Managing diabetes involves making smart dietary choices to control blood sugar levels while still getting all the nutrients your body needs. Certain foods can help maintain steady blood sugar levels, reduce the risk of complications, and contribute to overall health. Here are ten excellent foods for people with diabetes, along with a closer look at why each one is beneficial.

1. Leafy Green Vegetables

Leafy greens, like spinach, kale, and Swiss chard, are low in calories and carbohydrates, making them an ideal choice for diabetics. They’re packed with fiber, which can slow down digestion and help stabilize blood sugar levels. Additionally, leafy greens are rich in antioxidants and nutrients like vitamins A and C, which support immune health and may reduce inflammation.

Best choices: Spinach, kale, Swiss chard, collard greens.

2. Whole Grains

Whole grains contain complex carbohydrates, which are broken down more slowly by the body, helping to avoid rapid blood sugar spikes. They also contain fiber, which can help with digestion and make you feel fuller for longer. Compared to refined grains, whole grains provide more vitamins, minerals, and phytonutrients.

Best choices: Oats, quinoa, whole-grain bread, and brown rice.

3. Nuts

Nuts are packed with healthy fats, protein, and fiber—all essential nutrients for blood sugar control. Eating nuts in moderation can help stabilize blood sugar levels throughout the day and provide lasting energy. Some studies also show that consuming nuts may improve heart health, which is particularly beneficial since people with diabetes are at a higher risk of heart disease.

Best choices: Almonds, walnuts, pistachios, and pecans.

4. Fatty Fish

Fatty fish, such as salmon and mackerel, are rich in omega-3 fatty acids, which have been shown to reduce inflammation and lower the risk of heart disease. Protein in fish also helps keep you fuller longer and may reduce post-meal blood sugar spikes. Regularly including fish in your diet can provide significant cardiovascular benefits.

Best choices: Salmon, sardines, mackerel, trout.

5. Berries

Berries are one of the few fruits that are low on the glycemic index, which means they have less of an impact on blood sugar levels. They’re also high in fiber, vitamins, and antioxidants, particularly vitamin C and anthocyanins, which can help reduce oxidative stress and inflammation in the body.

Best choices: Blueberries, strawberries, raspberries, blackberries.

6. Beans and Legumes

Beans and legumes are an excellent plant-based protein source, high in fiber, and low in fat. Their high fiber content helps slow down the absorption of sugar, leading to more stable blood sugar levels. They are also rich in essential minerals, such as magnesium and potassium, which play a role in insulin function.

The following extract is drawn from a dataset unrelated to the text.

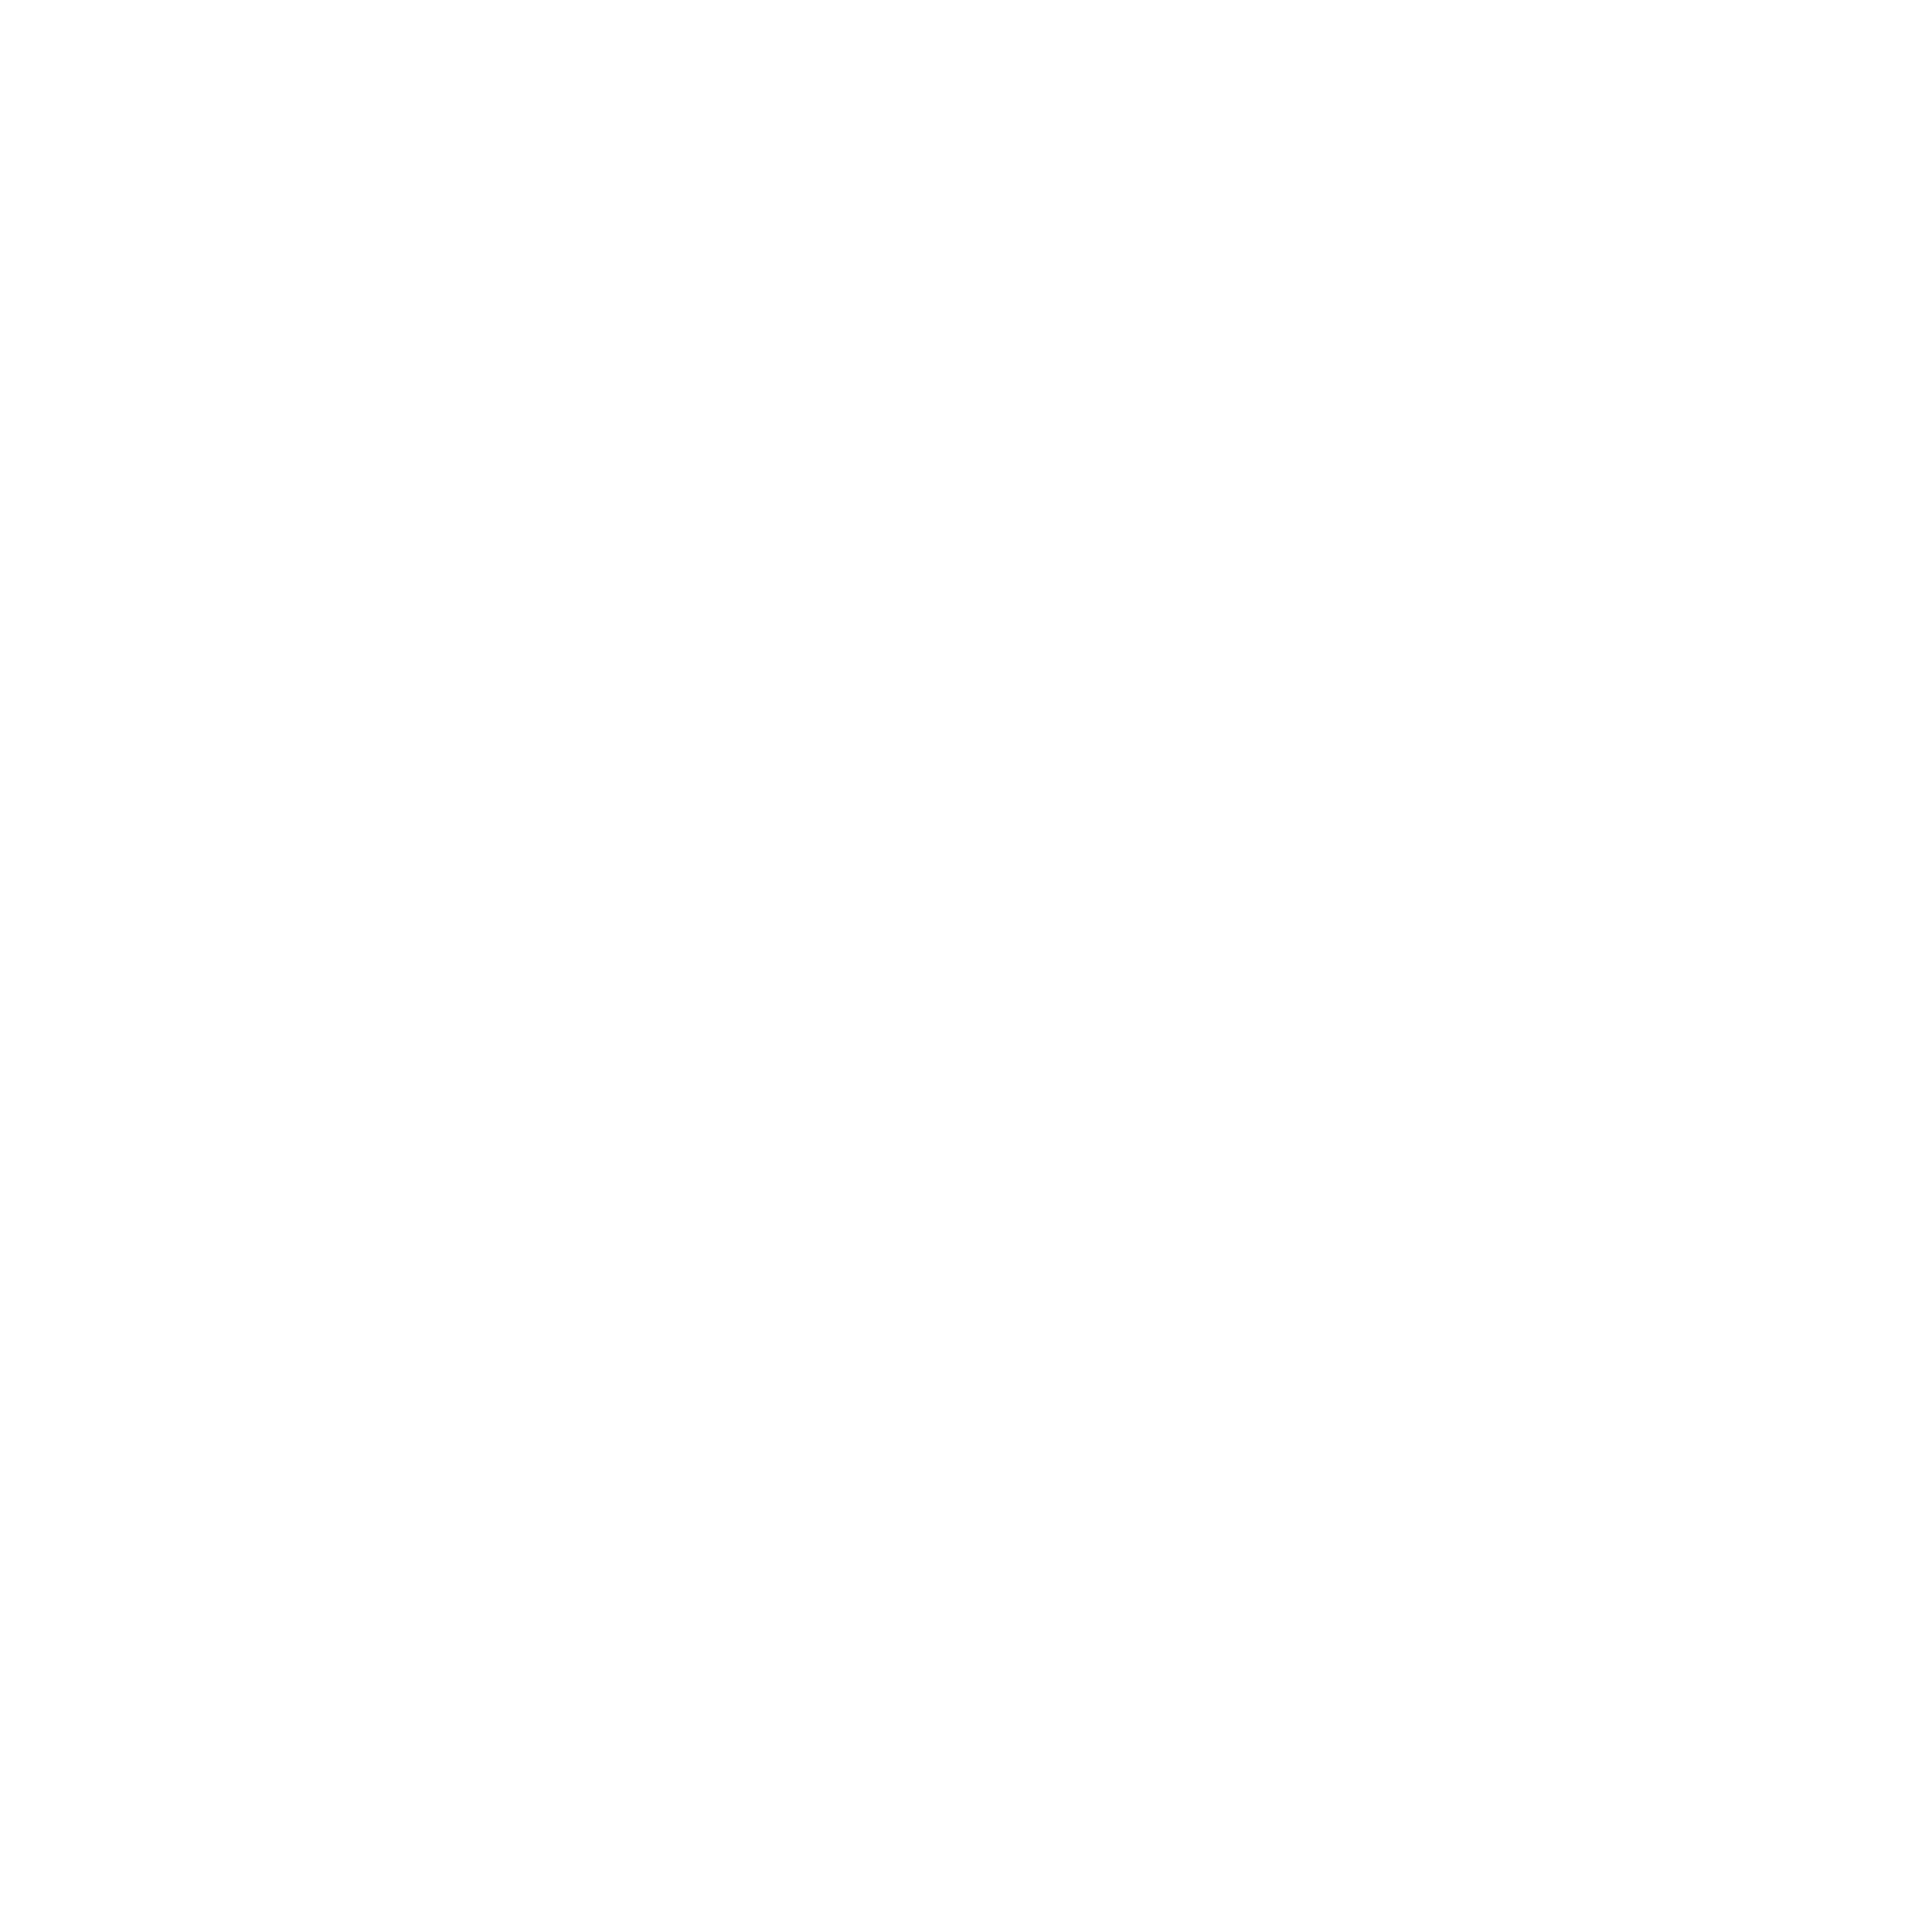 Slattery Tackett Architecture

Best choices: Black beans, chickpeas, lentils, kidney beans.

7. Avocado

Avocados are packed with healthy monounsaturated fats that may improve insulin sensitivity. They’re also low in carbohydrates, making them a great food for stabilizing blood sugar levels. Additionally, avocados are high in fiber, which helps regulate digestion and keeps you feeling satisfied.

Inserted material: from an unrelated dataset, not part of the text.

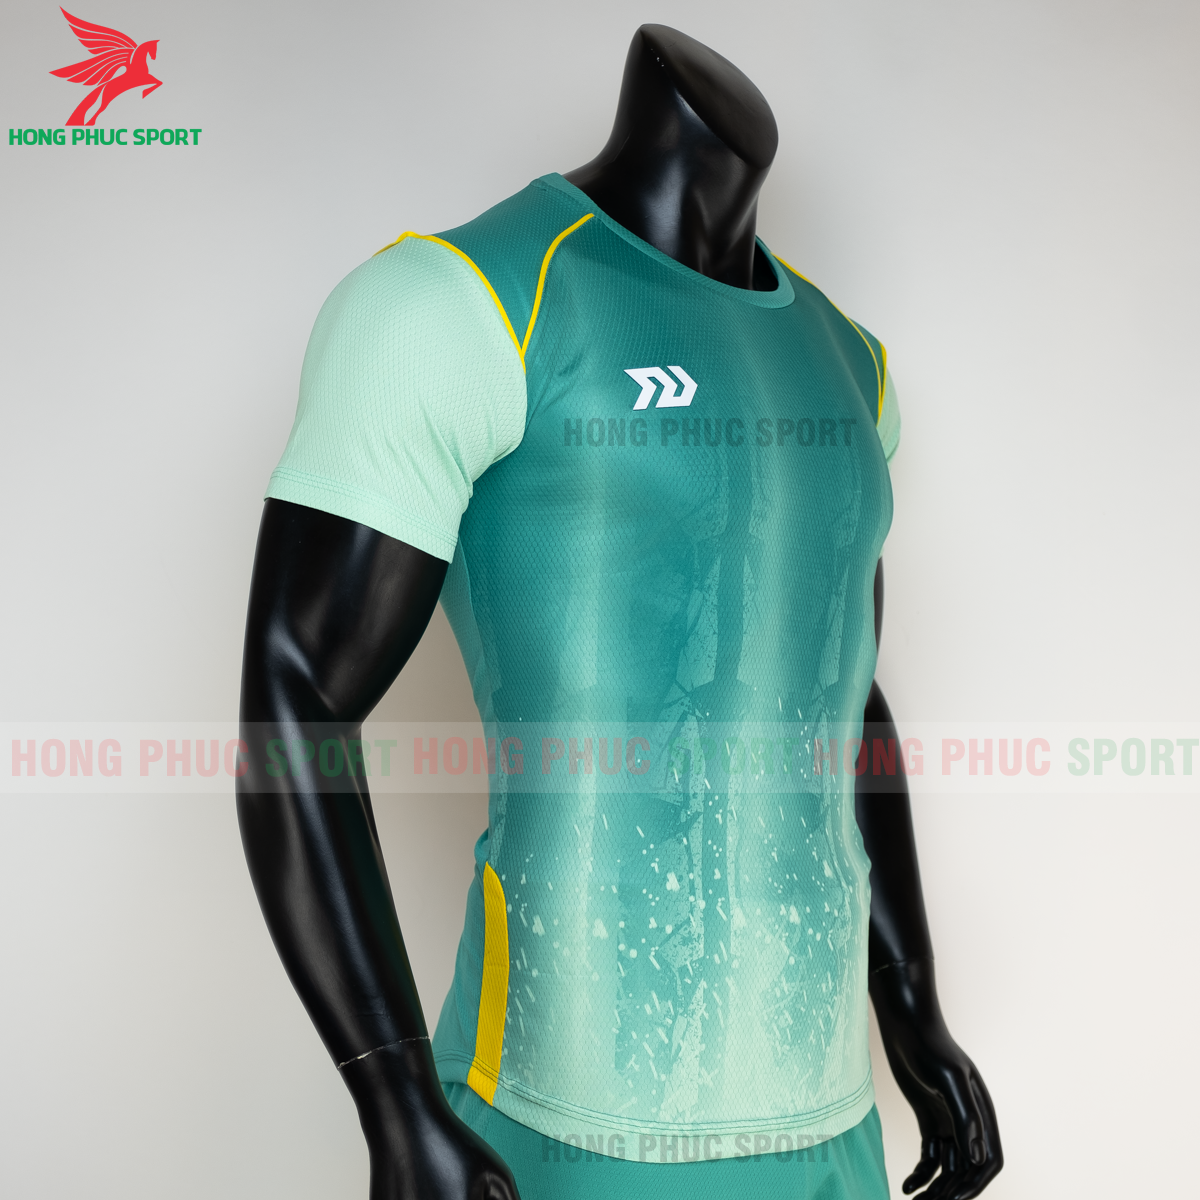 https://cdn.hongphucsport.com/unsafe/s4.shopbay.vn/files/285/ao-bong-da-khong-logo-bulbal-hades-mau-xanh-la-5-604f3434a3709.png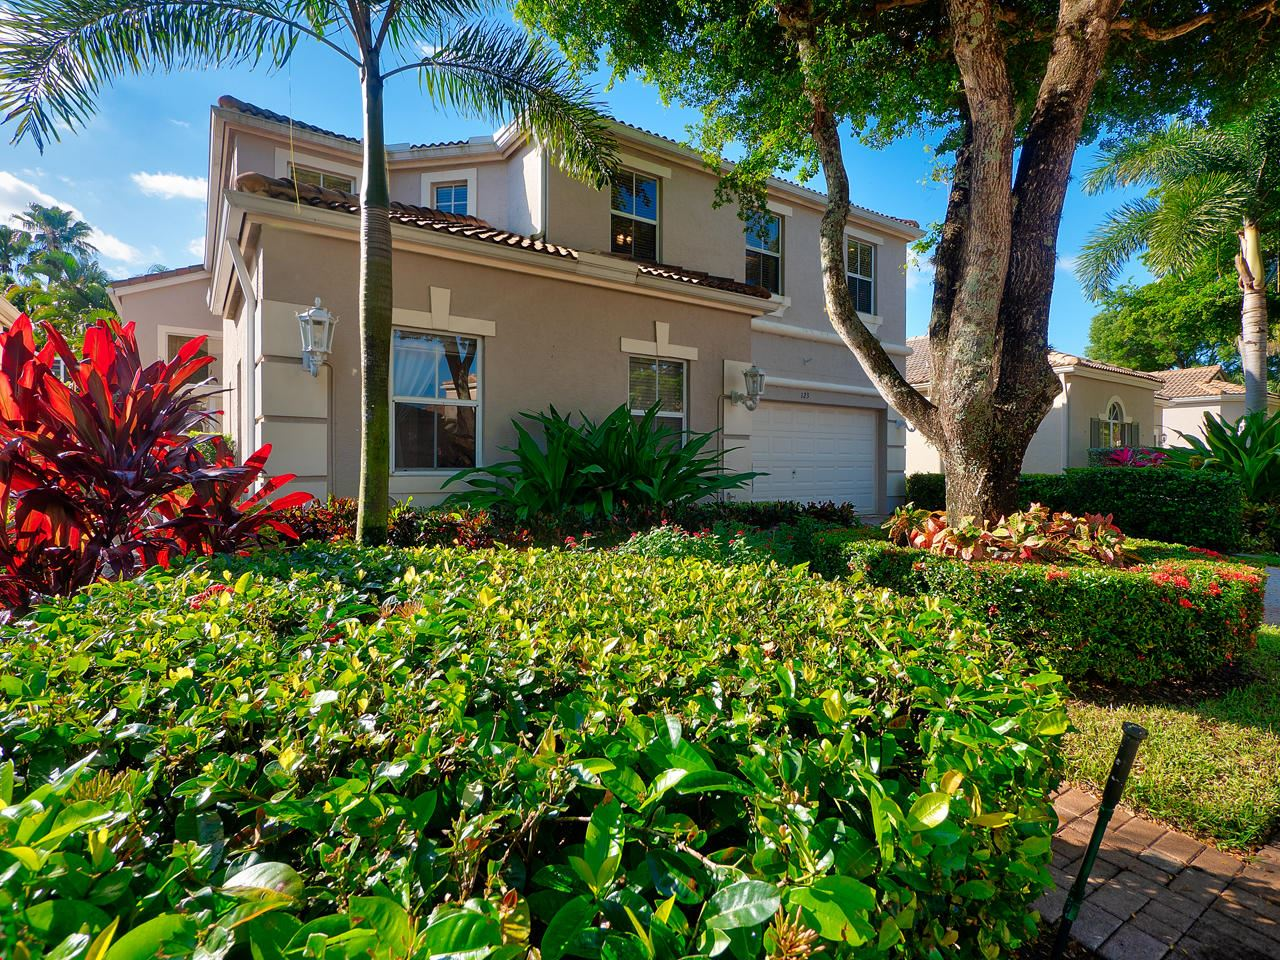 Photo of 123 Sunset Bay Drive, Palm Beach Gardens, FL 33418 (MLS # RX-10632300)

How to eat: Add avocado to salads, or eat it as a spread or dip.

8. Tomatoes

Tomatoes are a low-calorie, low-carb food that is also rich in vitamins and antioxidants, particularly lycopene, which has been linked to heart health benefits. The fiber and water content of tomatoes also contribute to blood sugar control, making them a great choice for people with diabetes.

How to eat: Enjoy fresh tomatoes in salads, or add them to soups, stews, and sauces.

9. Eggs

Eggs are a great source of high-quality protein, which helps control blood sugar by slowing digestion and reducing post-meal glucose spikes. Studies suggest that eating eggs may also help improve cholesterol levels, which is important for people with diabetes who are at a higher risk of cardiovascular issues.

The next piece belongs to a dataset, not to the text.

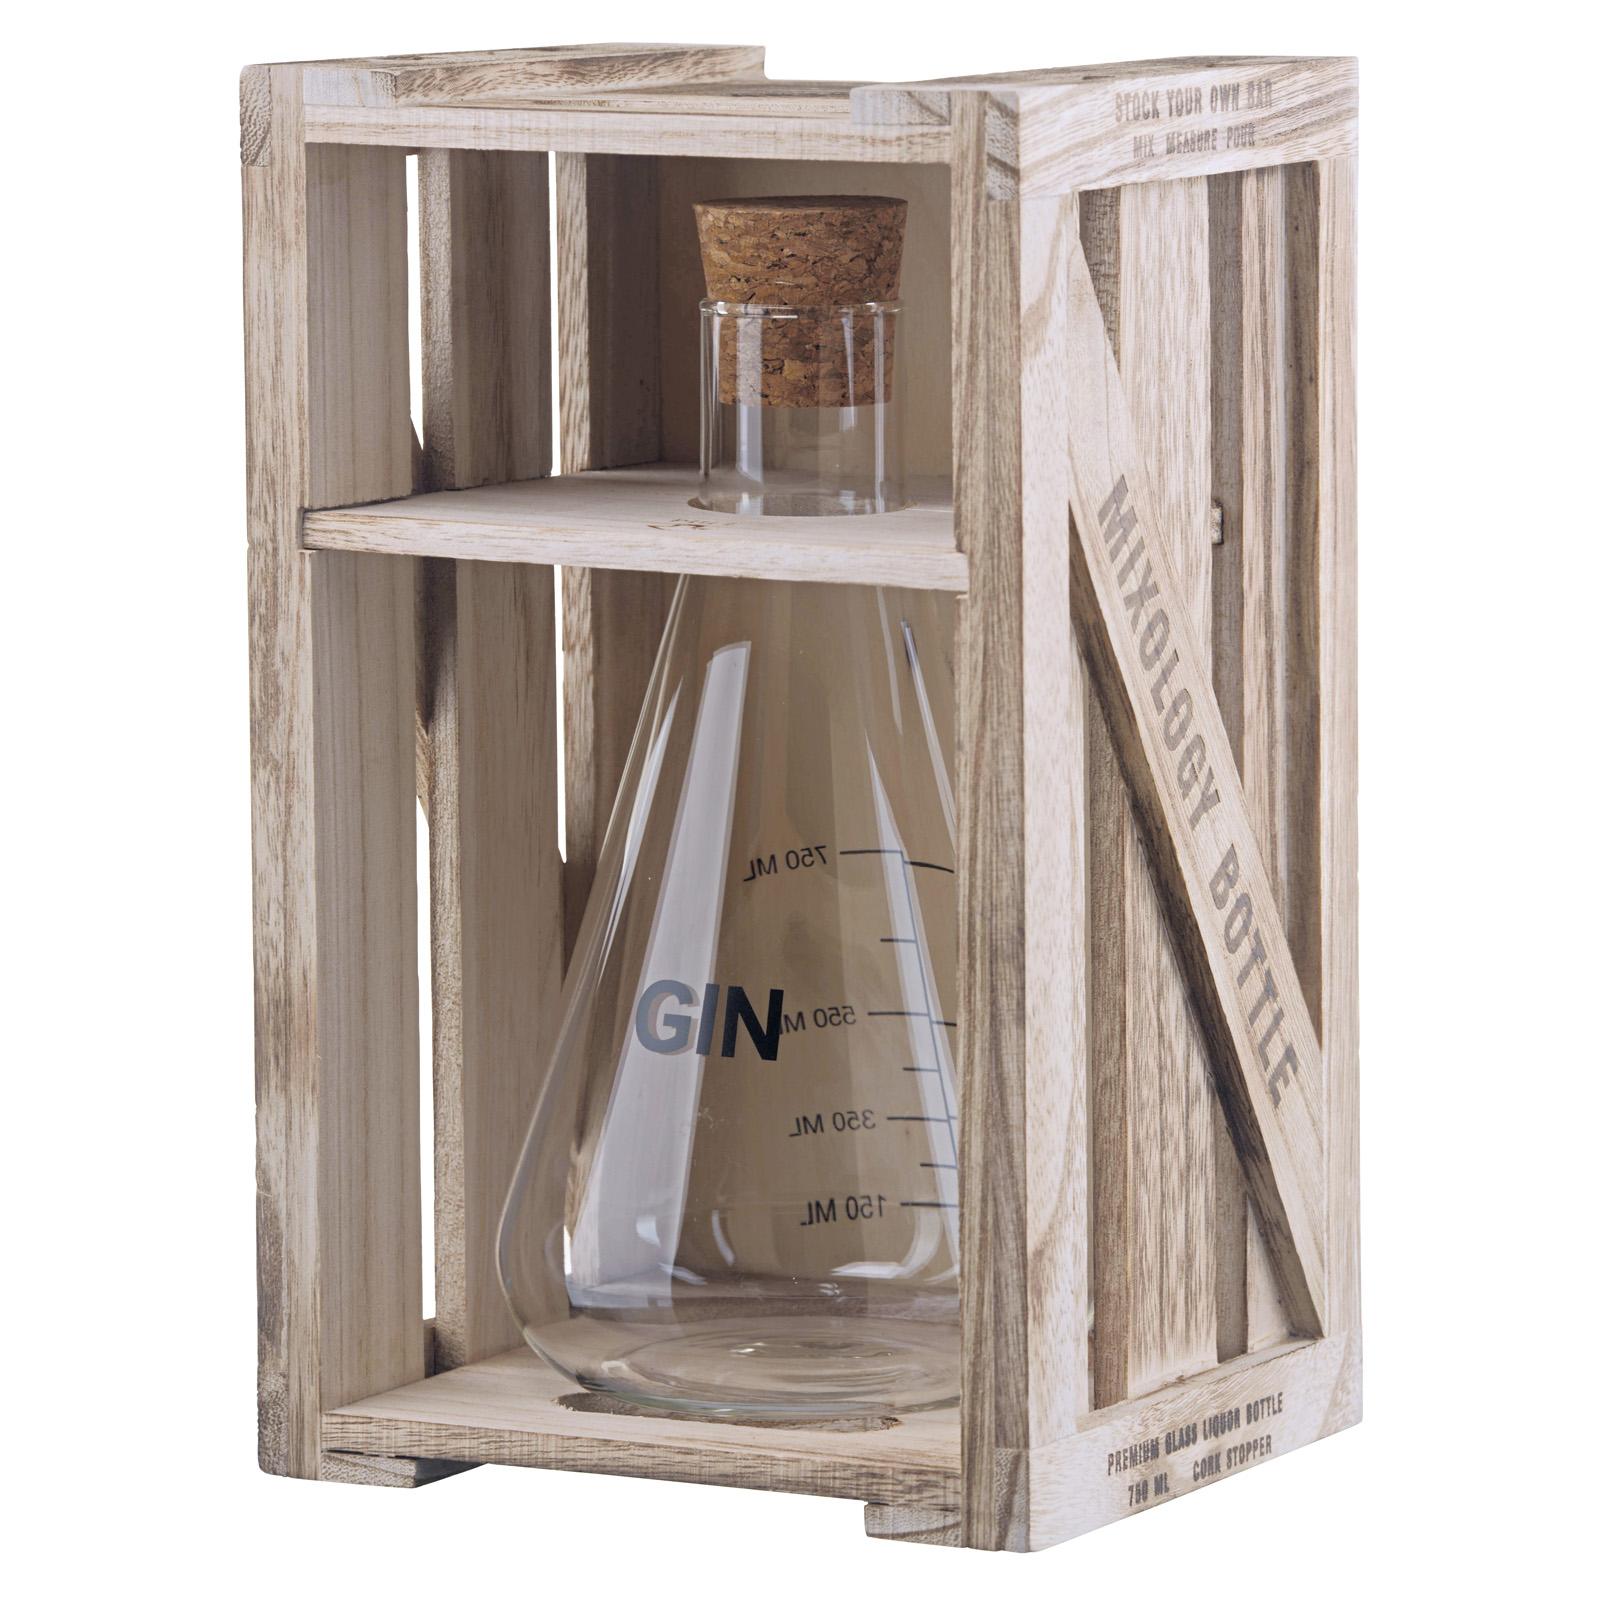 Mixology Gin Decanter by Artland

Best ways to eat: Hard-boiled, scrambled, poached, or as part of a balanced breakfast with vegetables.

10. Sweet Potatoes

Sweet potatoes have a lower glycemic index than regular potatoes, meaning they cause a slower rise in blood sugar. They are high in fiber, especially if you eat the skin, and contain essential nutrients like vitamin A and potassium. The fiber helps regulate digestion, and the natural sugars in sweet potatoes are absorbed more slowly than refined sugars.

How to eat: Roast or bake them with the skin on for maximum fiber, or add them to soups and stews.

Final Thoughts

Incorporating these foods into a balanced diet can help stabilize blood sugar levels, reduce inflammation, and promote heart health—all essential for managing diabetes. It’s always best to consult with a healthcare provider or a dietitian to tailor dietary choices to your specific needs, but adding these nutrient-rich, low-glycemic foods to your diet is a great start to supporting overall health.